= European Fair Trade Association =

The European Fair Trade Association (EFTA) is a Dutch association established informally in 1987. It gained formal status in 1990. It regroups 11 fair trade importers in 9 European countries: Austria, Belgium, France, Germany, Italy, Netherlands, Spain, Switzerland and the United Kingdom. EFTA members include Ctm altromercato, Gepa3 Fair Handelshaus and Traidcraft. EFTA's aim is to support its member organizations in their work and encourage cooperation and coordination.
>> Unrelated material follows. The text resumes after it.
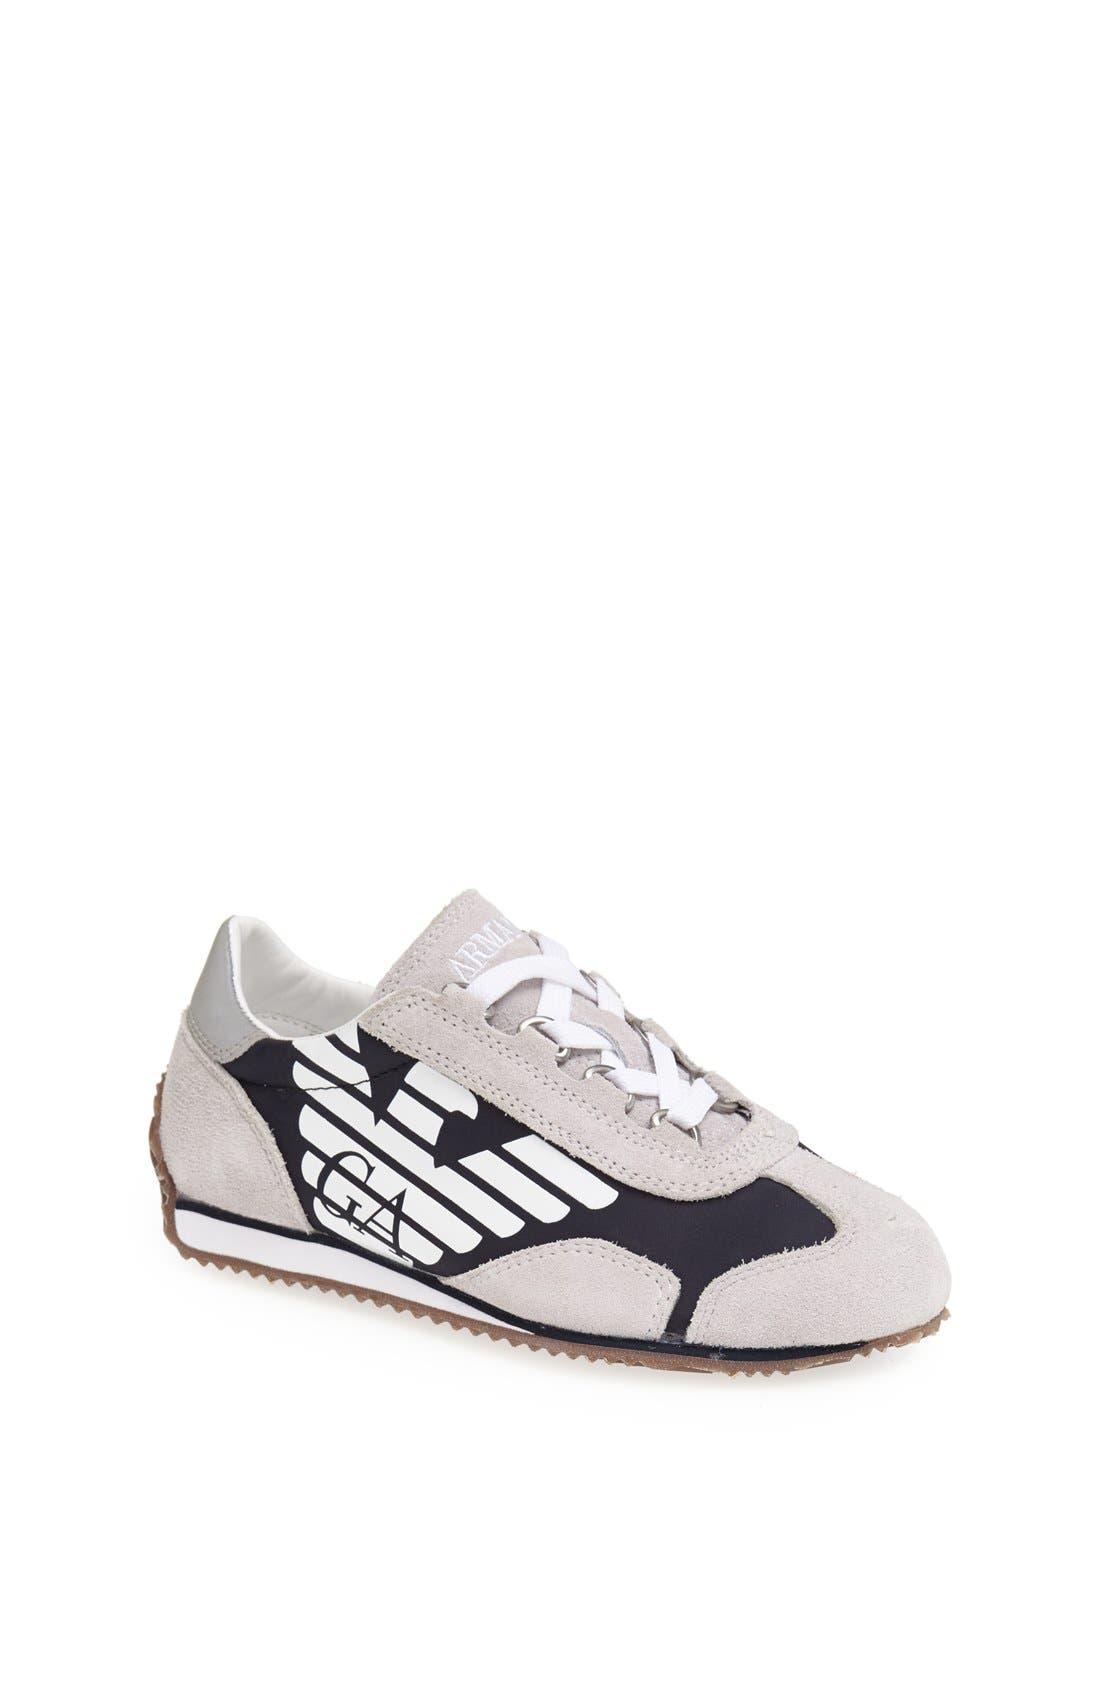 Main Image - Armani Junior Sneaker (Toddler, Little Kid & Big Kid)

Fair trade importing organizations buy food and handicrafts from disadvantaged producers in developing countries and aim to improve market access and strengthen producer organizations. EFTA members generally follow Fairtrade Labelling Organizations International (FLO) Standards, to which additional standards may be added with the aim of providing special support to particular target groups (women, ethnic minorities, politically persecuted, etc.). In Europe, they sell their products through worldshops, local groups, wholesalers and mail order catalogues. Fair trade importing organizations also play an important role in awareness raising and in educating consumers and public authorities on fair trade and trade justice issues.

EFTA is based in Culemborg, in the Netherlands, with an office in Bolzano in northern Italy.

A three-year (2007–2010) project led by EFTA to promote action for Fair Trade Public Procurement (FTPP) aimed to encourage public authorities within the European Union to systematically include fair trade criteria in their public tenders.